10.10.57 – Лаборатория Стадникова была плохо оснащена. Оборудование, можно сказать, было со времен прошлого столетия. Чтобы не мешать друг другу, Стадников со своим помощником Николаем Сергеевичем Рождественским работал с утра до 16-ти часов, а затем до полуночи работал я вместе с Георгием Павловичем Пшеничным.
Между Стадниковым и Рождественским были не совсем гладкие отношения по работе. Оба были старыми химиками. Все годы Рождественский работал в Москве. Ему было лет шестьдесят, он был тучным, ленивым в движениях, имел срок 25 лет. Видимо, Рождественский не очень интересовался работой – его больше интересовала музыка, он любил играть на скрипке. В Москве он играл в любительском оркестре, и тут, в лагере, у него была скрипка, и он играл в оркестре, участвовал в самодеятельности.
Стадников не любил Рождественского и относился к нему с недоверием. Их отношения портились изо дня в день, и спустя два месяца после начала моей работы в ЦНИБе, по требованию Стадникова, Рождественского уволили с работы. По сей день (я случайно встретил его в этом году) он ненавидит Стадникова лютой ненавистью. Тот
косил направо и налево близких ему людей, которые не смогли найти к нему соответствующего подхода.
Пшеничный был совсем другим. Это был высокого роста человек лет пятидесяти двух с приятной внешностью. В годы гражданской войны в России он служил в Белой армии младшим офицером. Вместе с армией Врангеля он ушел в Крым, к берегам Черного моря, а в 20-м году эвакуировался в Турцию. Некоторое время после этого служил в русской Белой армии за границей, потом поселился в Софии, закончил институт, химический факультет, и женился на дочери мелкого промышленника, занимавшегося изготовлением косметики. После смерти тестя он продолжил его дело. Его парфюмерия стала лучше, появилась постоянная клиентура, в материальном отношении его жизнь была в полном порядке.
В Болгарии он был членом какой-то русской антисоветской организации. В годы второй мировой войны (Болгария воевала на стороне Гитлера) он был в армии, воевал против Советского Союза. После поражения Гитлера и его союзников Пшеничный был арестован и осужден на 10 лет. Так он попал в Воркуту и проработал у Стадникова несколько лет.
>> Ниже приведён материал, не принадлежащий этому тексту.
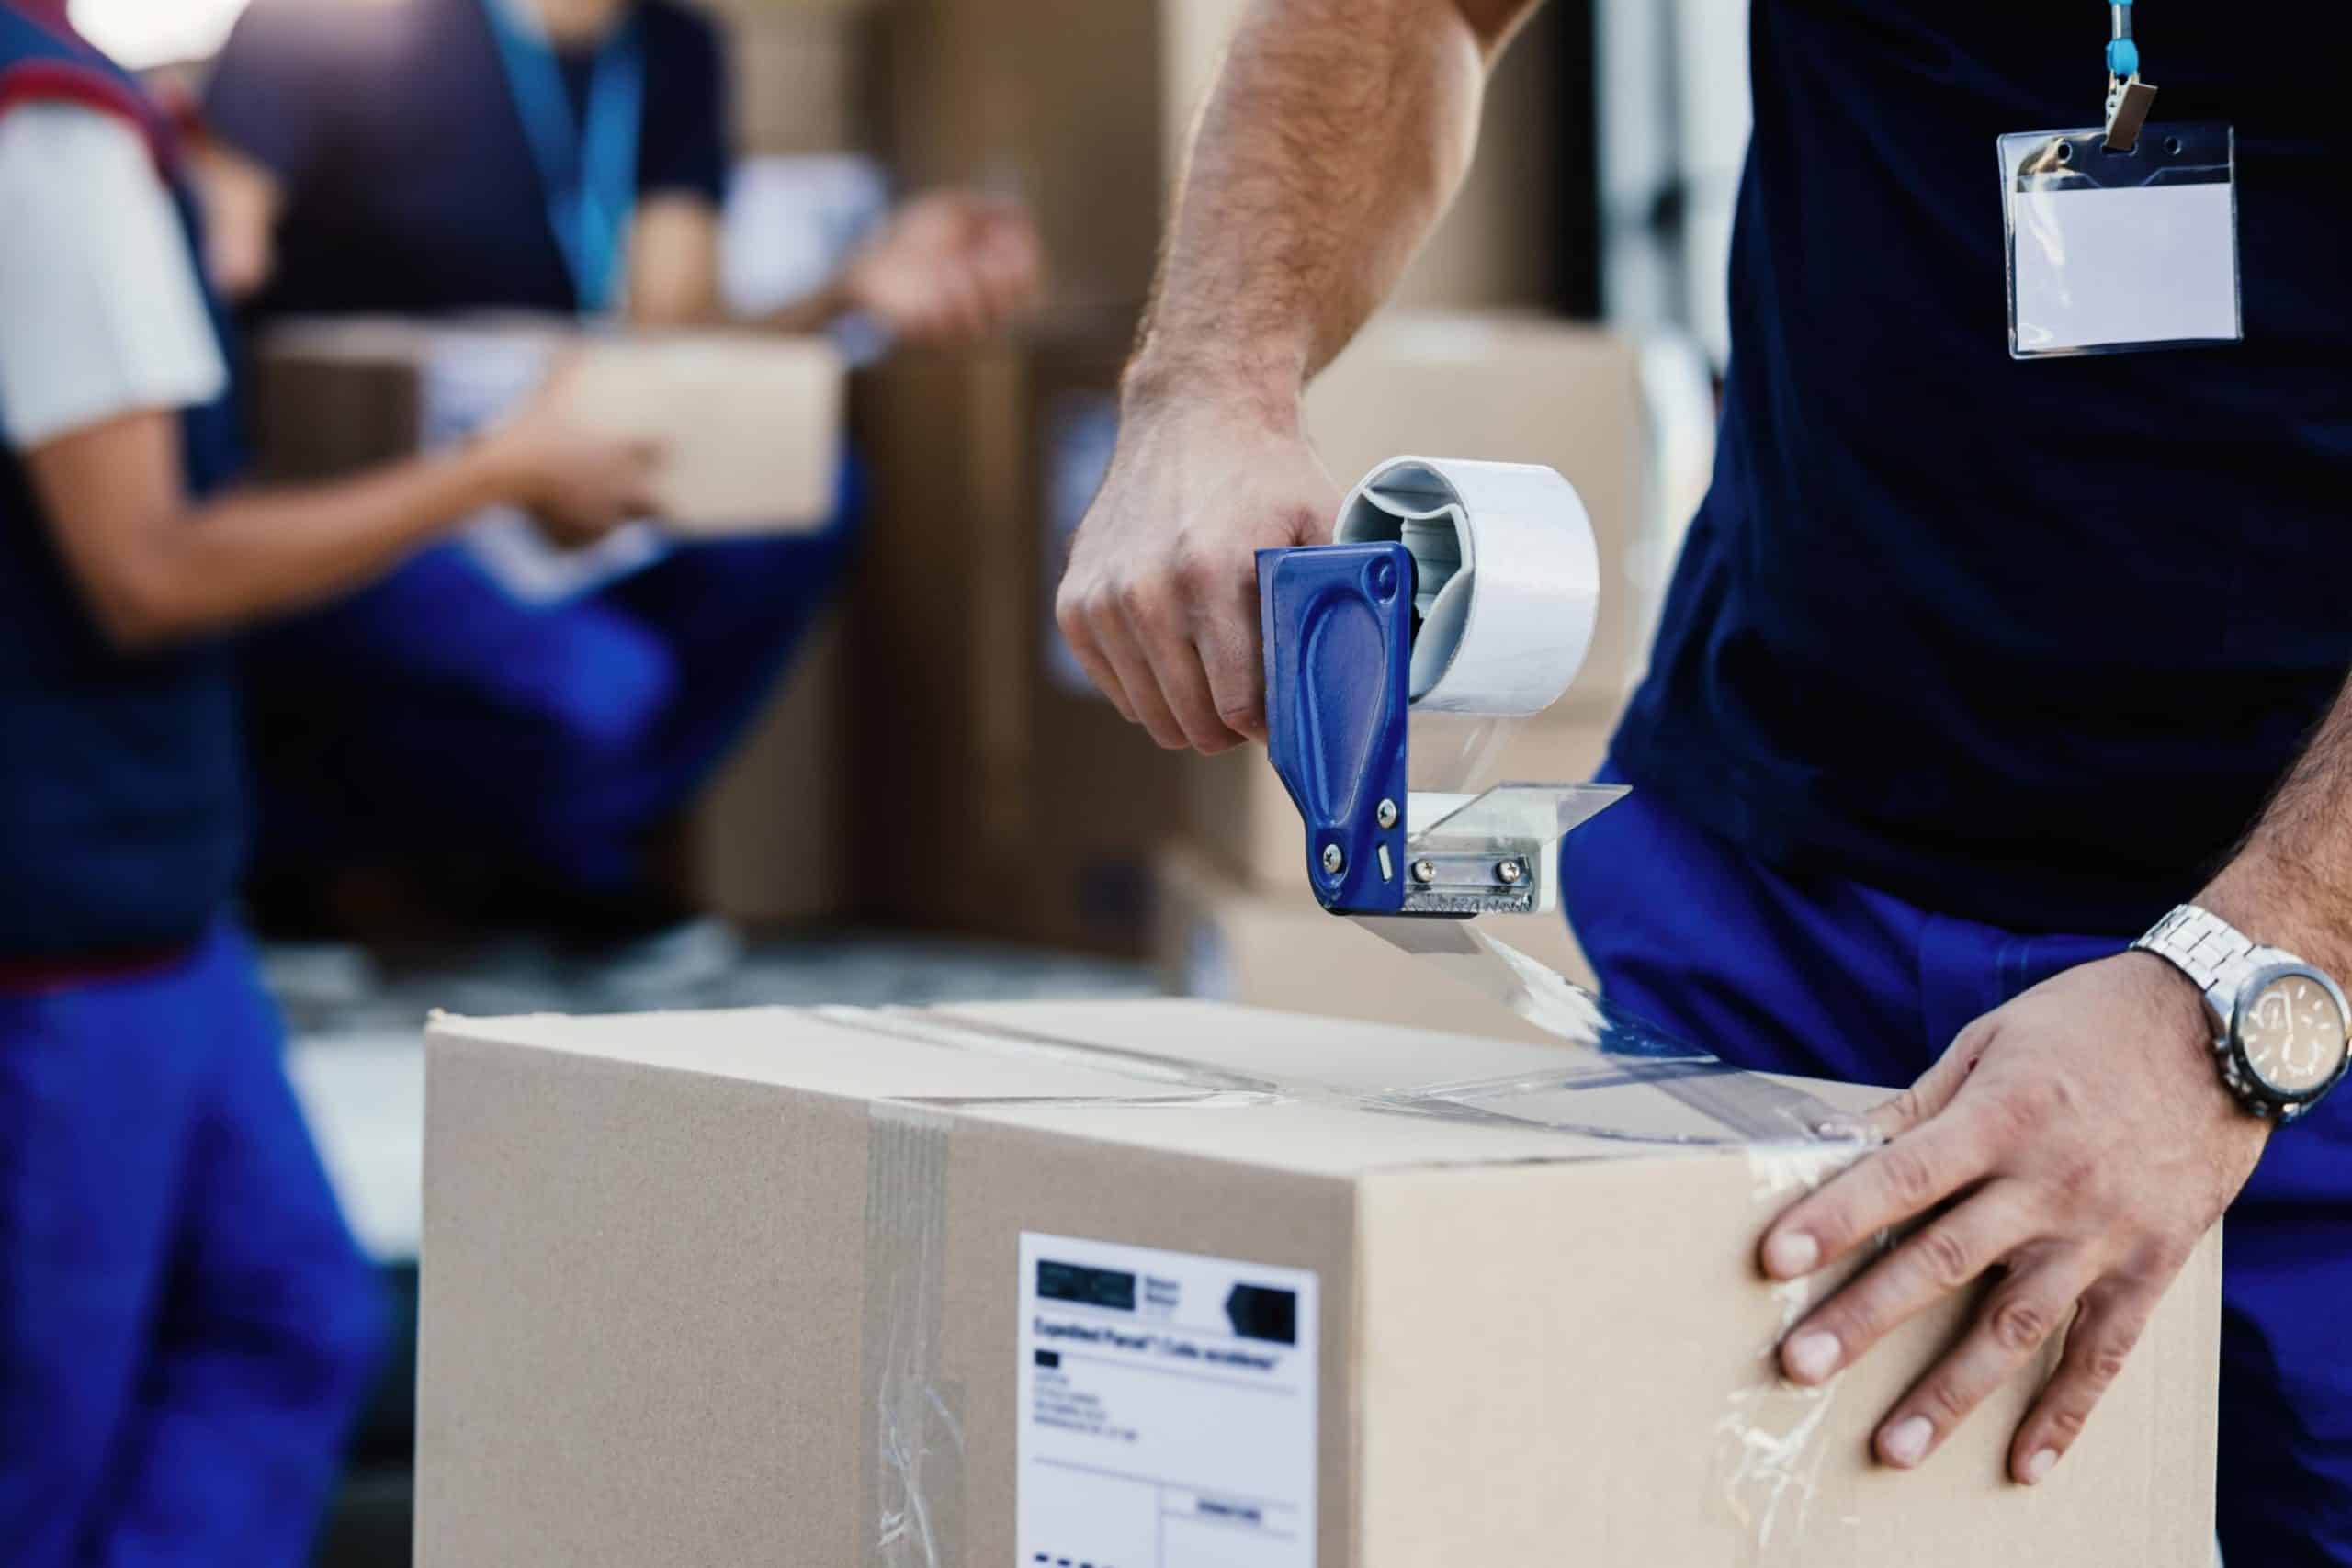 Shipping Packages to Customers: What You Can’t Forget About when Utilizing a Fulfillment Center in the UK
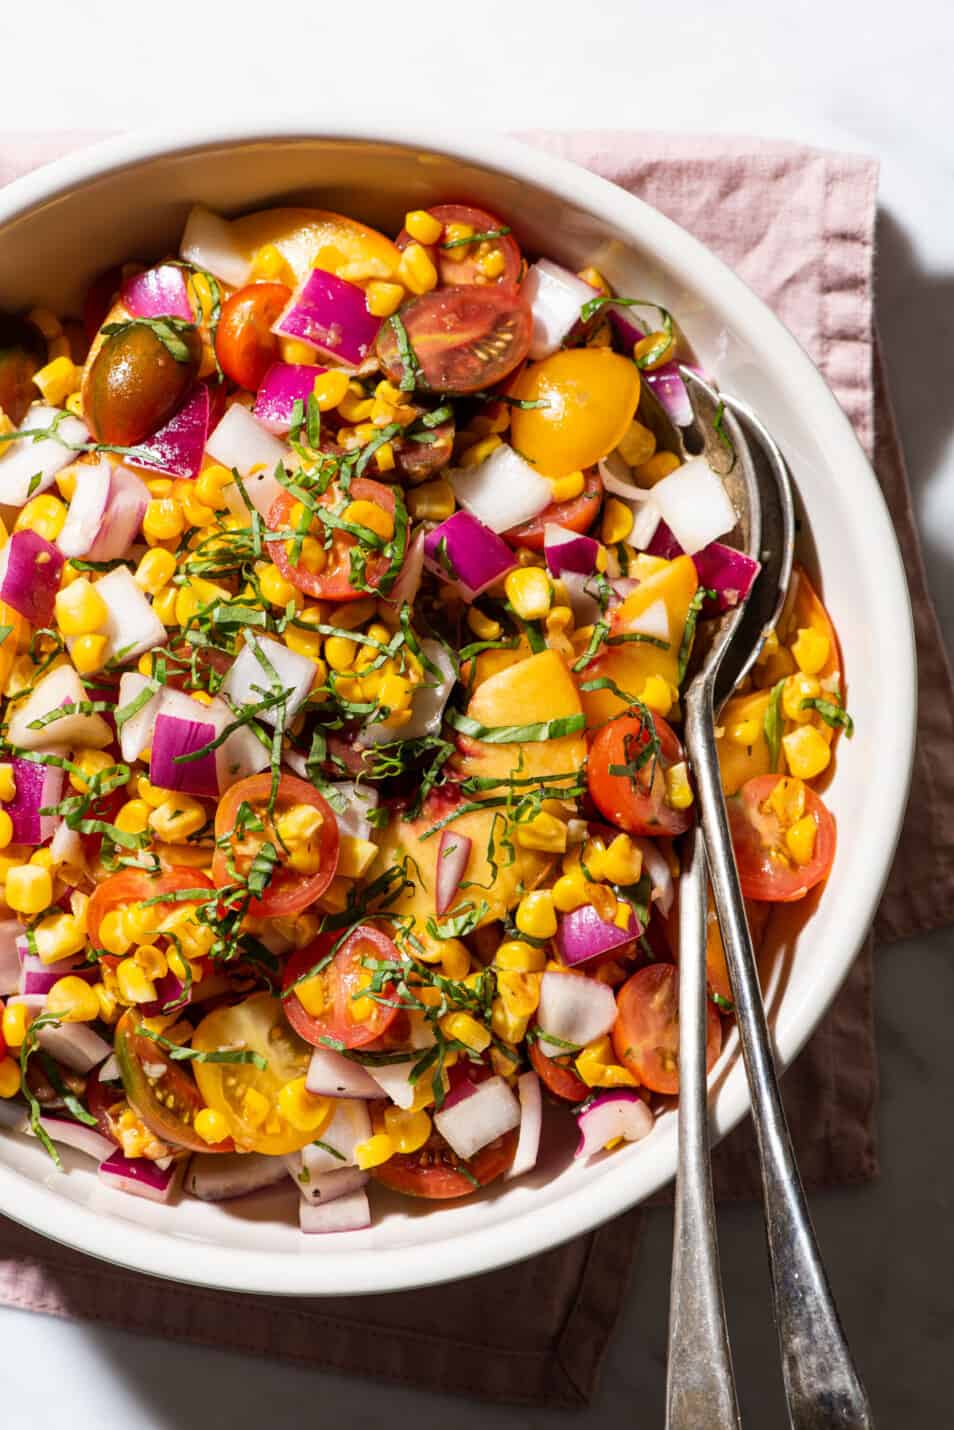 A healthy summer salad consisting of tomatoes, peaches, red onion, corn, and basil.

В противоположность Рождественскому, Пшеничный был любимцем старого профессора, оказывавшего ему полное доверие в работе и выражавшего ему особую личную симпатию. Что-то аристократическое было в облике и в душевном настрое Георгия Павловича. Он был полон самоуважения, точен в работе, уважал и восторгался Стадниковым. Они оба, особенно Стадников, были антисемитами...
Жизнь Стадникова была хорошо организована, упорядочена. Вообще порядок в лагере был жестким, а Стадников любил порядок также и в работе. У нас была электропечка, и Стадников сам готовил себе любимые им блюда, ел в определенное время. В его комнате стоял узкий диван, каждый день после завтрака он час-два спал. Во время сна никто не смел его беспокоить. Рассказывали, что как-то пришел к нему знаменитый профессор из Москвы, член-корреспондент Академии наук Сапожников, а дневальный не впустил его в лабораторию, объяснив, что Стадников спит. Не исключено, что это было заранее подстроено Стадниковым – он и Сапожникова не любил.
Среди этих людей мне предстояло работать в течение 1952 г. – до той поры, пока мне не удалось организовать свою обогатительную лабораторию и отделиться от Стадникова и Пшеничного.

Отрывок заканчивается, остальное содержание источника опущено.